CERN Accelerating science

This website is no longer maintained. Its content may be obsolete. Please visit http://home.cern/ for current CERN information.

CERN home pageCERN home pageDocuments by ReferenceDocuments by ReferenceCNLsCNLsYear 2001Year 2001Help, Info about this page

Contents

Editorial Information
Editorial
If you need help
Announcements Physics Computing Desktop Computing Internet Services and Network Scientific Applications and Software Engineering Desktop Publishing The Learning Zone User Documentation Just For Fun ...
Previous:A Brief History of Cernlib (1966-???)
Next:The PAW History Seen by the CNLs
 (See printing version)



The Design and Implementation of Large Packages: Hbook, GEANT3, PAW, ROOT

Rene Brun , IT/DI


Abstract

The software development evolution as seen by a CERN Physicist involved in the development of Physics software since the very beginning of his professional life.

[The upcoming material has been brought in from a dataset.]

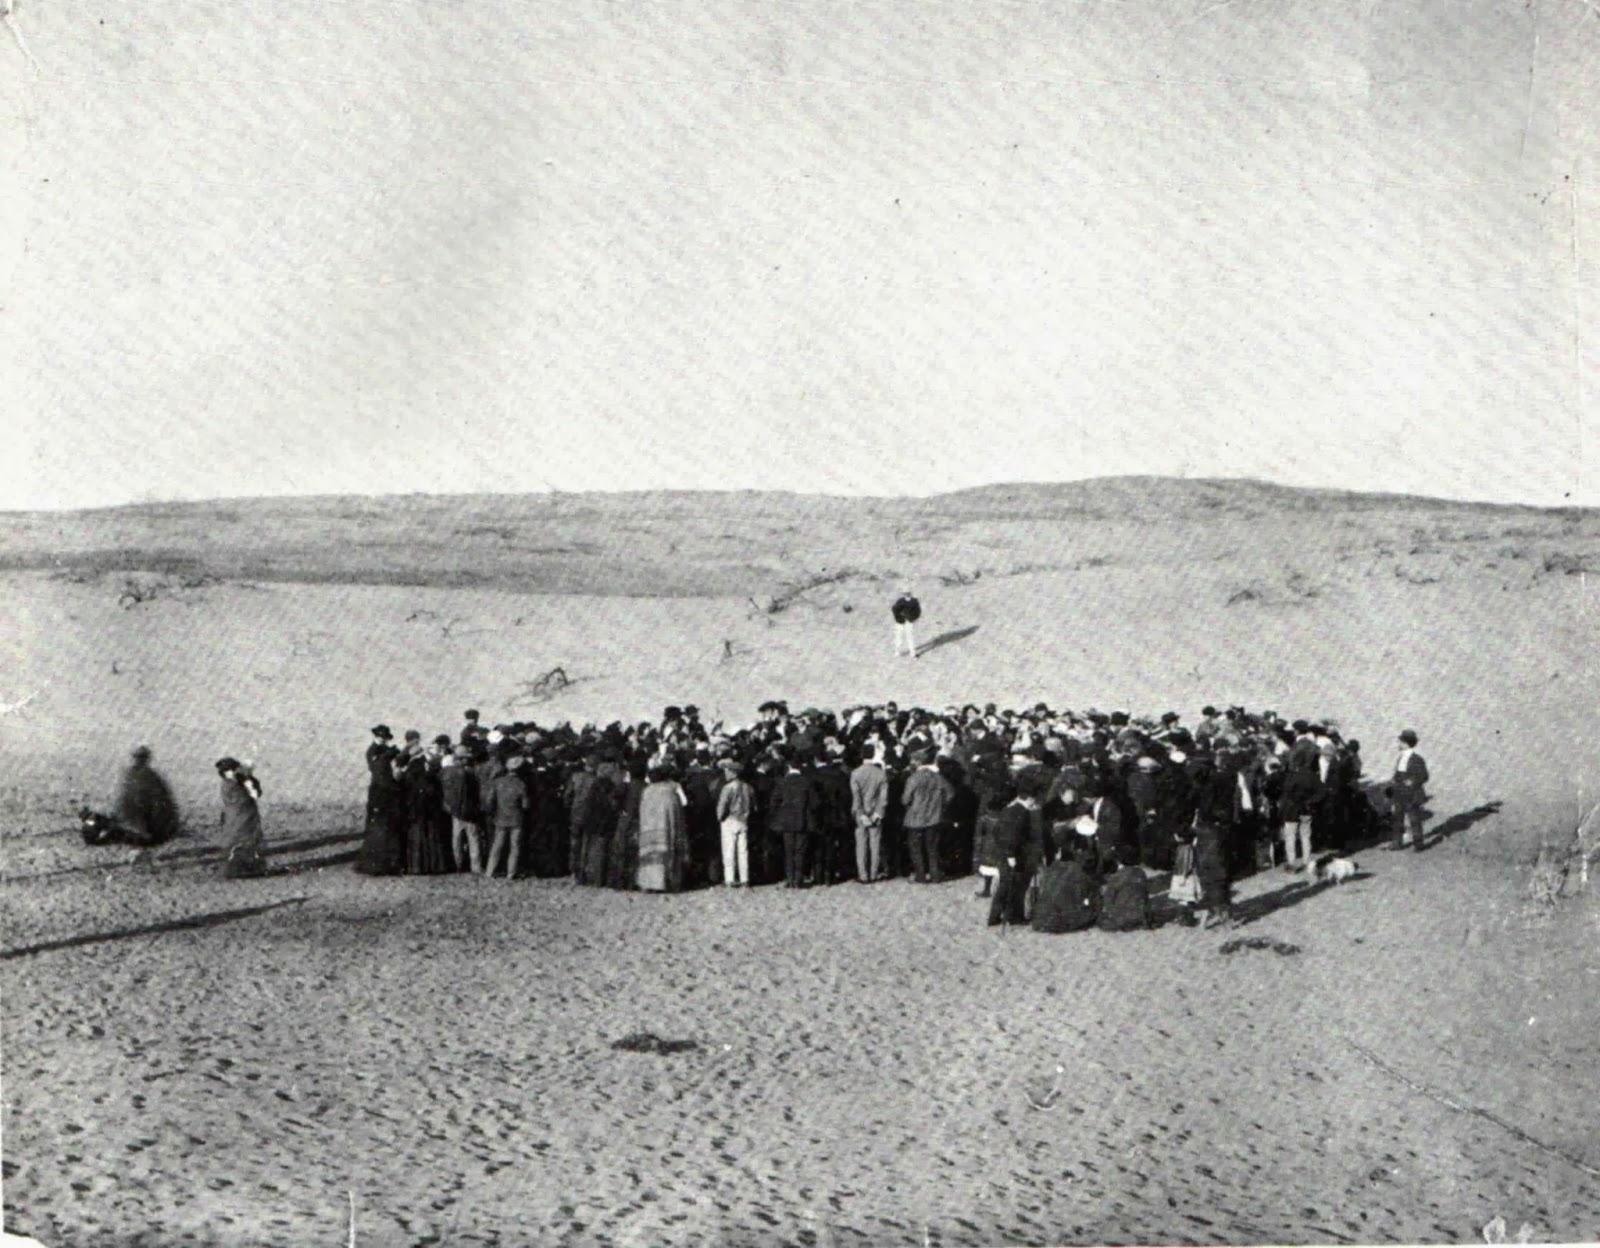 Environ 100 personnes de participer à une loterie pour diviser un 12 acres de terrain de dunes de sable, qui deviendra plus tard la ville de Tel-Aviv, 1909

When the CNL editor kindly suggested me to write an article for this special edition of the Newsletter, I had a long hesitation for two reasons:

  • I still feel myself pretty young, but have to admit that I have been floating around for 3 decades by now. At a time where many Internet startup/down managers are teenagers, I thought that may be the CNL readers will not be interested by stories of the kind "How good was the time when my grand mother was making tasteful strawberries jams".
  • the second and main reason was that when you have been involved in the development of large packages used at a large scale in our field of research and others, you know very well that the true story involves not only technical matters but also and mainly sociological events with people moving between projects, sections, groups and divisions.
At the end, I accepted to write this note because I always had a fantastic opportunity to work in a very challenging area in contact with thousands of people in the world. During this time, I have been the witness of a tremendous evolution of the computer industry and also of the way large software systems are developed.

The seventies

In 1971, I was lucky to be accepted as a summer student. At the time, I was preparing my thesis in a small experiment at the SC evaluating the differential cross-sections in interactions between protons and thin targets from Beryllium to Gold. The events consisted of only two quantities, the energy of a particle absorbed by a NAI block and the dedx information collected by a germanium diode. The events of two bytes were recorded on rolls of paper tape, about 1 cm per event and 10,000 events on a roll. To analyze the events, histograms and scatter plots of dedx versus energy had to be produced. That is how I started a long career with histograming packages. The paper tape rolls were "manually" converted to temporary disk files with a life time of a few days and analyzed on the CDC6600 in the room where the printing shop is today. The analysis program consisted of about one "box" of 2000 punched cards with about 50 Fortran subroutines. The name of the routine was written with a pen on the top side of the cards. The size of the subroutine was carefully chosen such that there were enough cards to make the name visible and the order of routines in the box corresponded in general to the logical sequence of execution. The size of the executable module was typically a few tens of Kilobytes. Running a job was a long process consisting of the following steps:
  • put your box in one of the input trays X,S,M,L,T (express, short, medium, long jobs, jobs with tapes). The jobs were queued in each tray.
  • an operator reads the box in the card reader and controls the execution.
  • the result of the job is written to the line printer output
  • Once an hour, the line printer output are sorted in special racks.
Starting in 1972, a new and faster facility (FOCUS) was made available. You could enter yourself your program in the cards reader and could get the output on a line printer in the users area. While your job was running, you could find the status by typing a command of the style "Job inquiry brun 1287". Waiting for the job completion, you had plenty of opportunities to discuss with your colleagues and the cafeteria was just near by.

Immediately after having completed my thesis, I was hired in the DD division to work on Special Hardware processors to be used in a p-p elastic experiment at the ISR. Due to problems with the hardware, I migrated gradually to software activities. At the fall of 1973, the first version of HBOOK was available and this was the beginning of a long saga.

With my colleagues Michel Hansroul and Jean-Claude Lasalle, we were working on the so-called Electronic Experiments (as opposed to Bubble Chamber Experiments). We started together the development of several packages. I will only name a few (FFread, Lintra, Mudifi, Vertex).In 1974, we launched a framework for simulation, initially called Geneve (Generation of Events). But we discovered that this name was already used by at least another program, we changed the name to GEANT (Generation of Events and Tracking). After a first rudimentary version 1, we came with a more reasonable package GEANT2 in 1977.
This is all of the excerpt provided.